Below is a listing; write it out exactly and drop any images from it.

*** Opening of DATASET SECTION ***

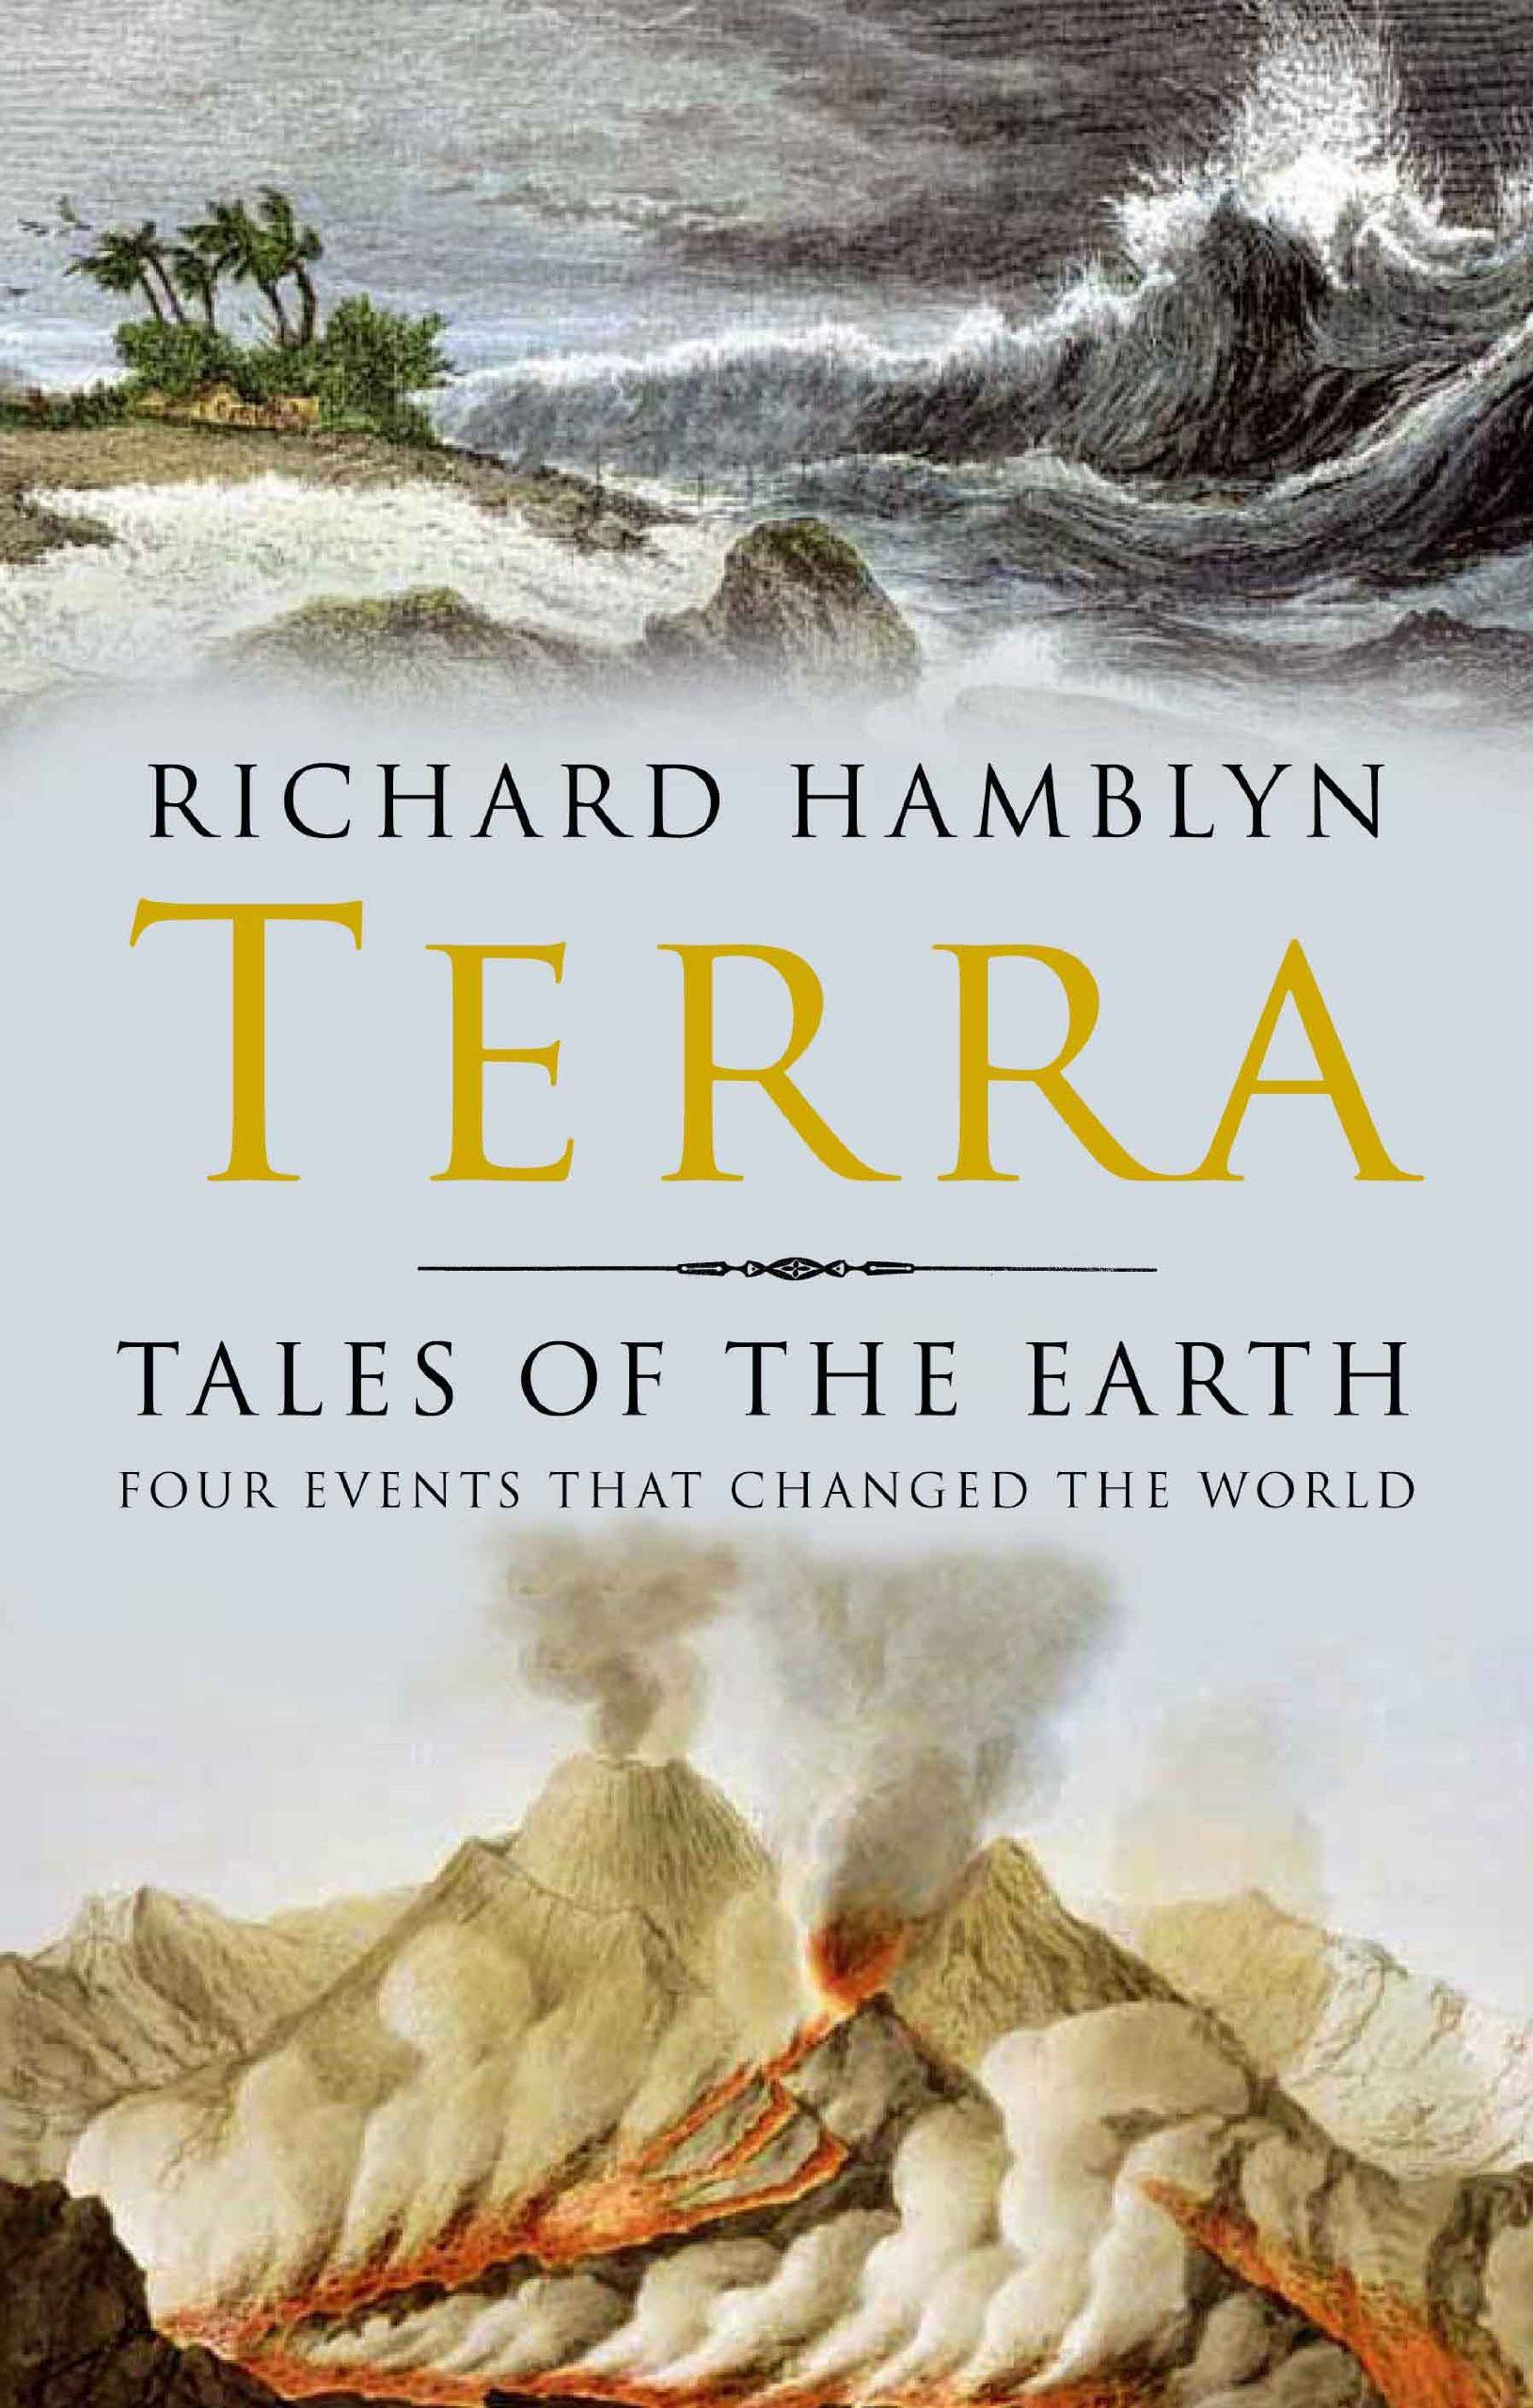 Terra: Tales of the Earth/ Richard Hamblyn- Main Library 550 HAM
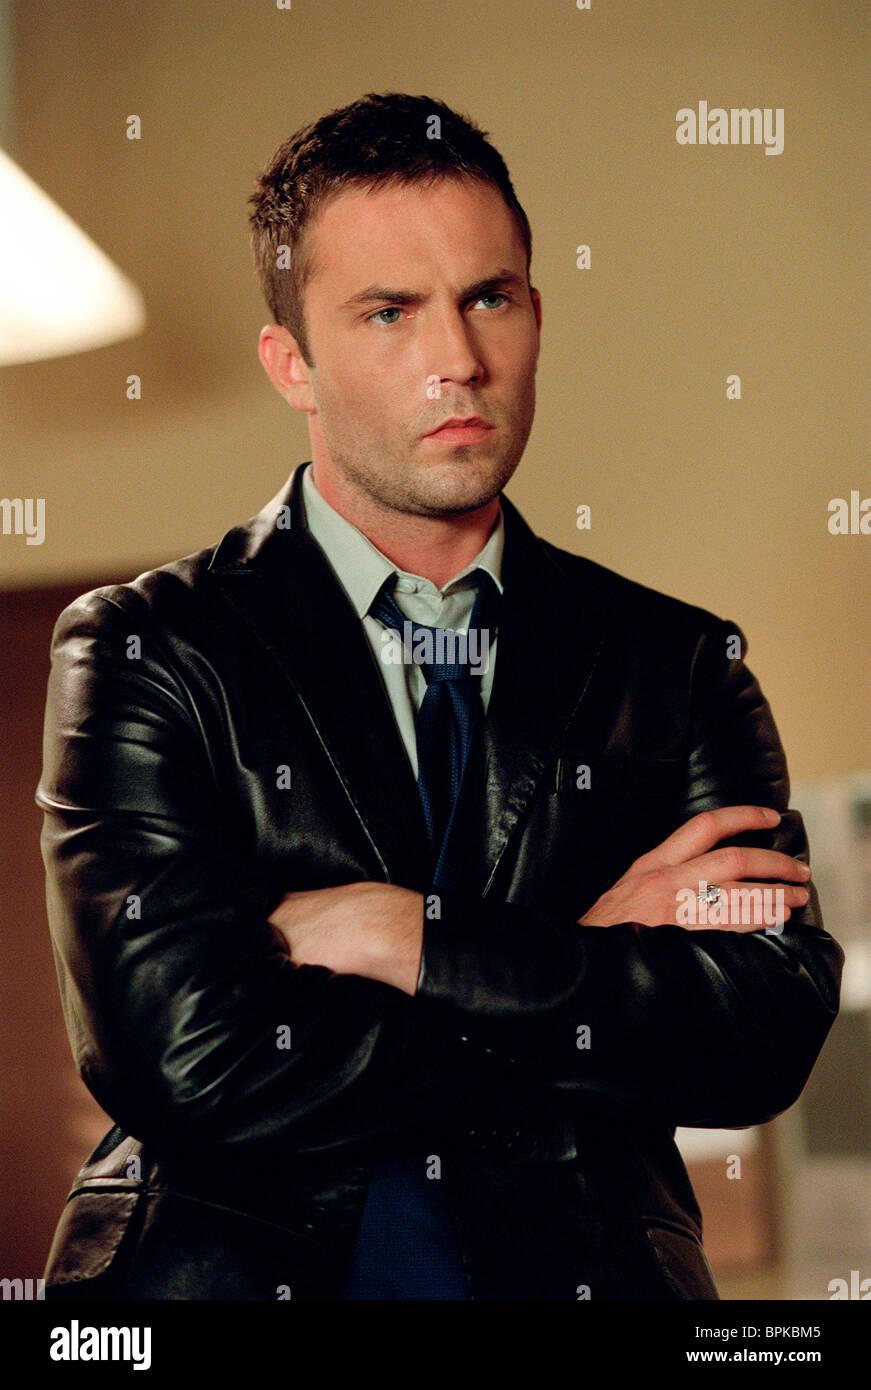 Leather jacket decade - Dragnet Desmond Harrington
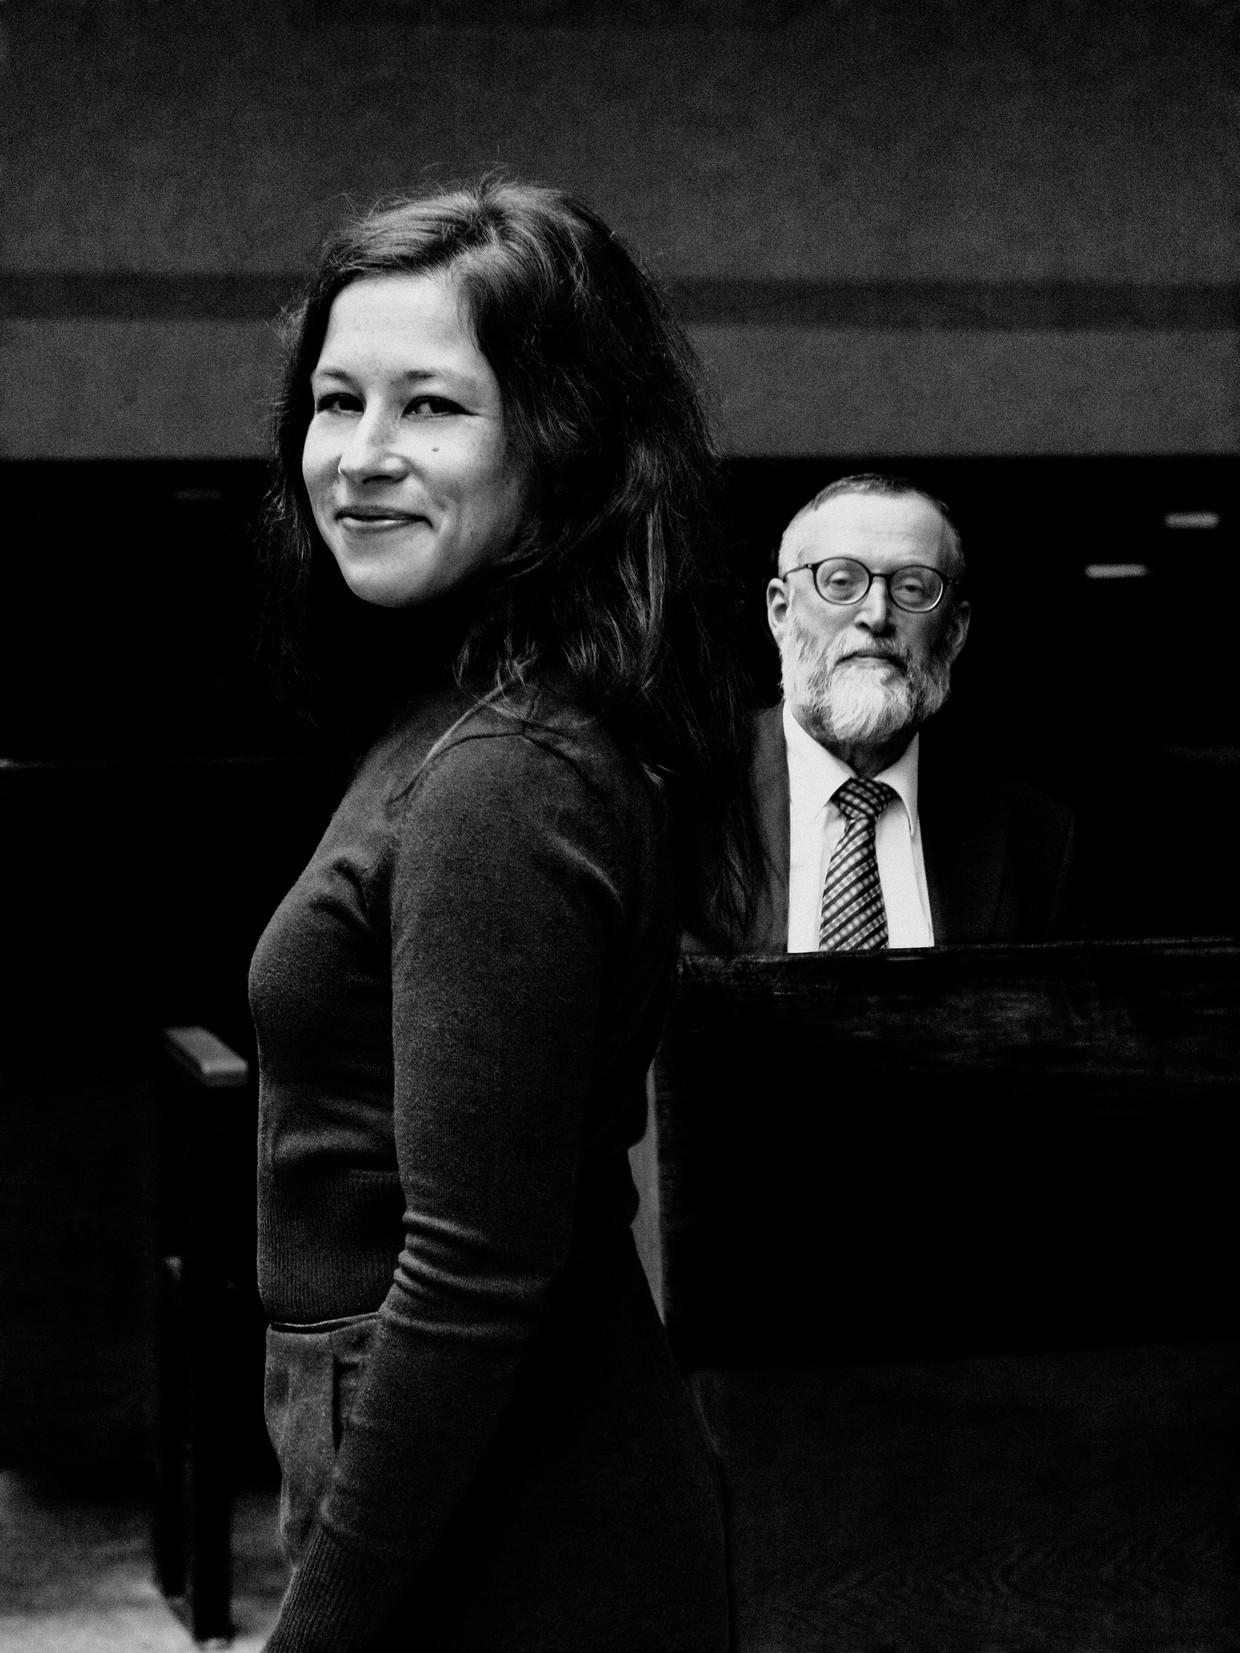 Presentatrice Esther Porcelijn en rabbijn Shmuel Katz.  Beeld Jitske Schols

*** Close of DATASET SECTION ***

SOLUTION TO THE PROBLEM ▸
 Terra: Tales of the Earth/ Richard Hamblyn- Main Library 550 HAM
 Leather jacket decade - Dragnet Desmond Harrington
 Presentatrice Esther Porcelijn en rabbijn Shmuel Katz.  Beeld Jitske Schols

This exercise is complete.